### Task instructions
Please return the full listing word for word, leaving out any pictures.

### Source data
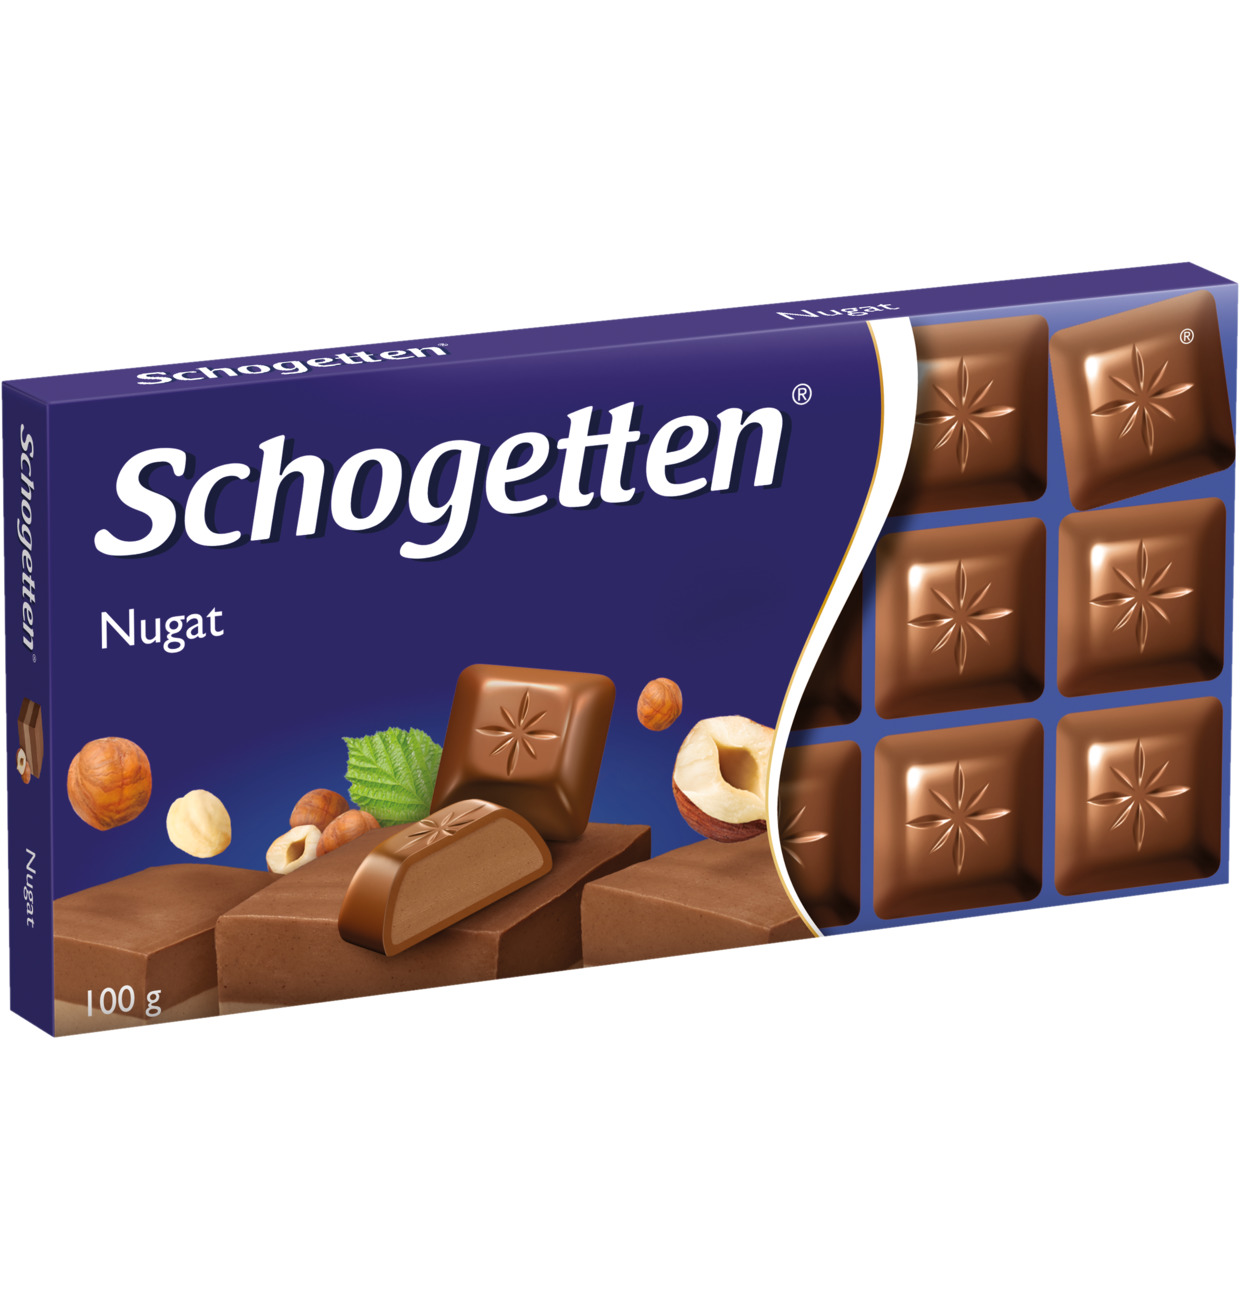 Schogetten Chocolate nougat 100g
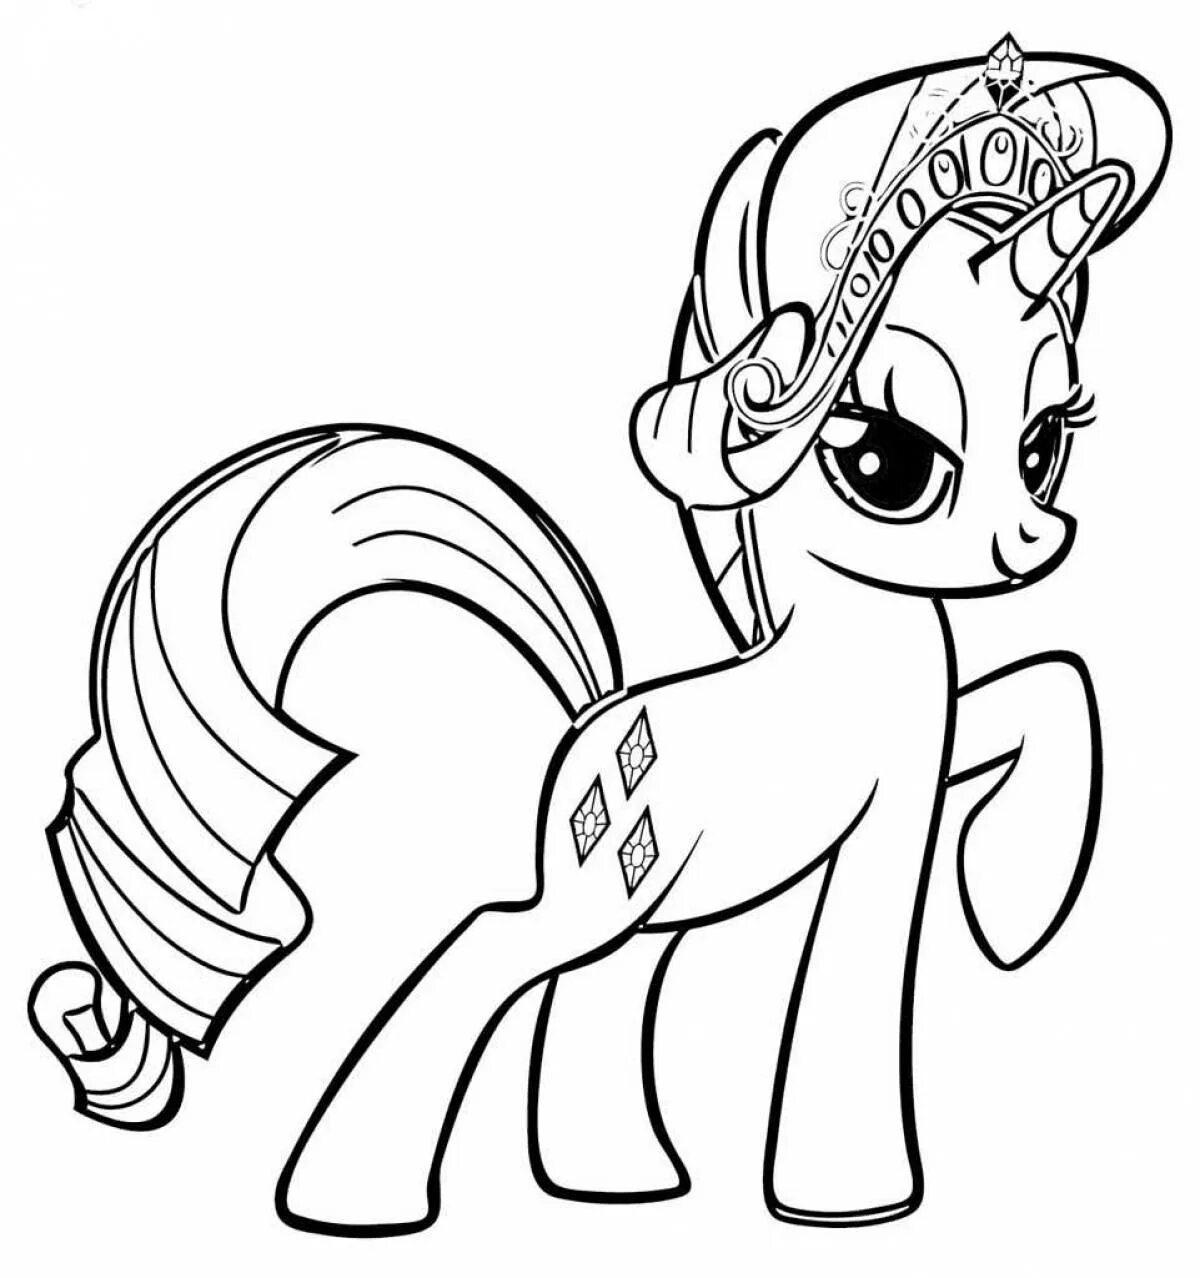 Раскраска пони Рарити. My little Pony раскраска Рарити. Раскраска пони Рарити принцесса. Раскраски мой маленький пони Рарити. Раскраска кетнеп распечатать раскраски
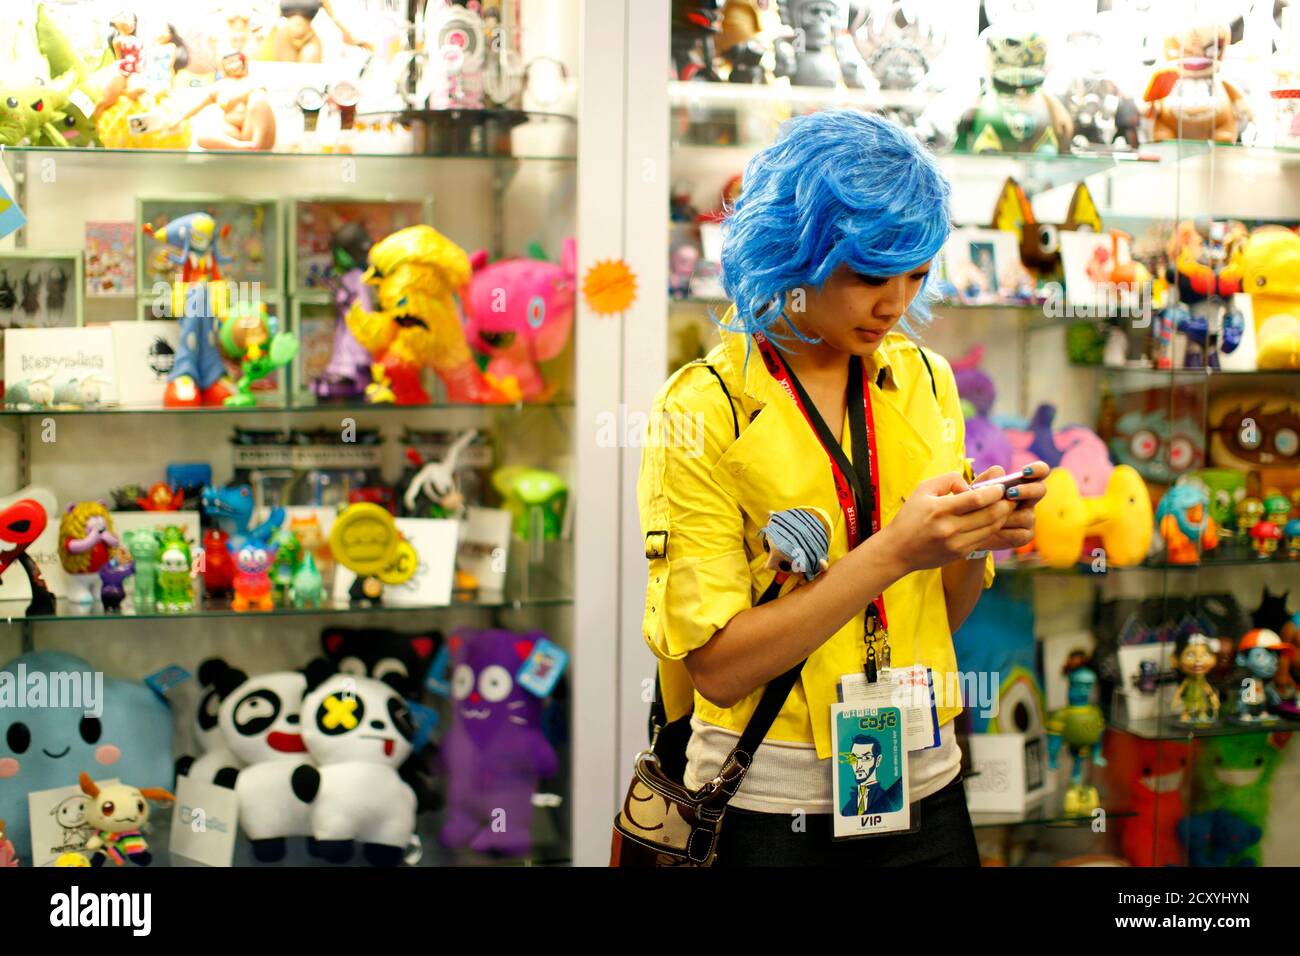 Un partecipante vestito con testi in costume su un telefono cellulare presso un negozio di giocattoli al piano congressi Comic con durante l'evento di cultura pop a San Diego, California, 22 luglio 2011. REUTERS/Mike Blake (STATI UNITI - Tag: SOCIETÀ DI INTRATTENIMENTO) Foto Stock

### Exercise output
 Schogetten Chocolate nougat 100g
 Раскраска пони Рарити. My little Pony раскраска Рарити. Раскраска пони Рарити принцесса. Раскраски мой маленький пони Рарити. Раскраска кетнеп распечатать раскраски
 Un partecipante vestito con testi in costume su un telefono cellulare presso un negozio di giocattoli al piano congressi Comic con durante l'evento di cultura pop a San Diego, California, 22 luglio 2011. REUTERS/Mike Blake (STATI UNITI - Tag: SOCIETÀ DI INTRATTENIMENTO) Foto Stock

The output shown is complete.